The purpose of this work is to evaluate the in vitro behaviour and the capacity to induce osteoblastic differentiation of a 55S vitro-ceramic (Vc) on a population of adult rabbit mesenchymal stem-cells (MSCs).
The material was obtained using the sol-gel method. The cells were obtained from rabbit bone-marrow aspirate and seeded over the Vc, and over plastic (control). The MSCs were cultivated in two culture media; one a standard DMEM (growth medium), and the other an osteoblastic phenotype inducer, composed of DMEM complemented with dexamethasone, 脽-glycerophosphate and ascorbic acid-2-phosphate (osteogenic medium). The morphology of the cells that grew was assessed using a scanning electronic microscope. The tetrazolium salt reduction test was used for evaluating the cell growth. For cell differentiation, osteocalcin production and loss of CD90 bone surface antigen, characteristic of MSCs, were quantified.
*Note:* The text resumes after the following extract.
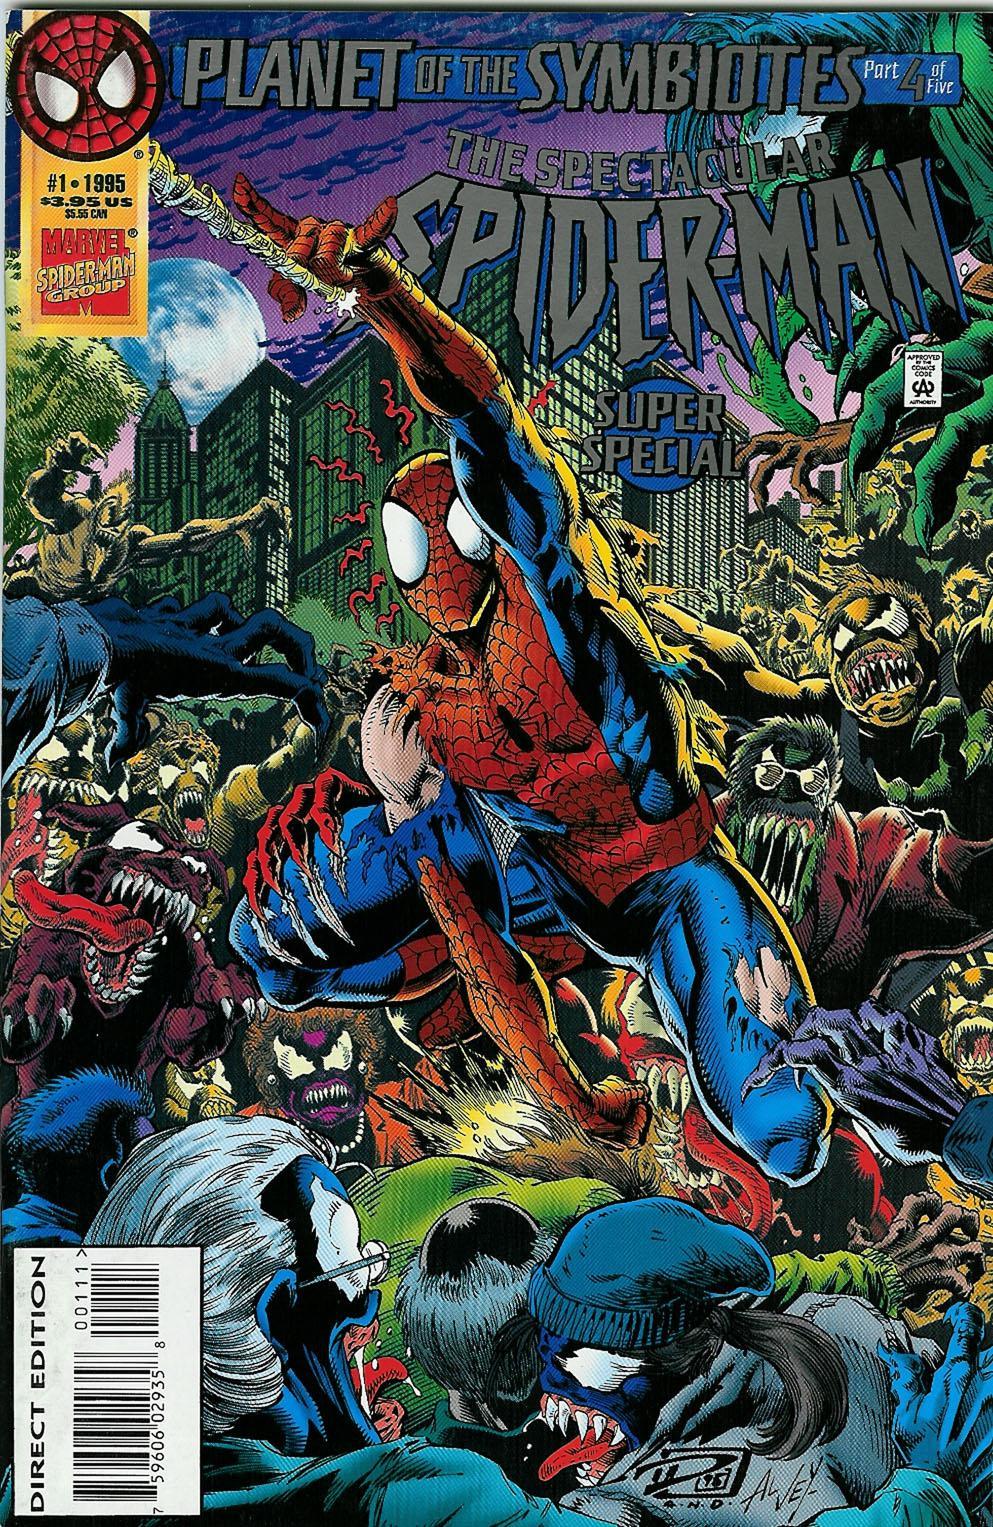 Spectacular Spider-Man Super Special Vol. 1 #1

During the culture time the MSCs adhered, proliferated and formed a mineralised extracellular matrix over the Vc. An osteoblastic phenotype finally being shown, producing osteocalcin and decreasing the expression of the CD90 antigen, regardless of the culture medium used.
Based on these results we can state that Vc 55S behaved like a material capable of supporting adhesion and growth of MSCs and, in turn, inducing the differentiation of the MSCs to osteoblastic cell lines, thus showing osteoconduction and osteoinduction properties.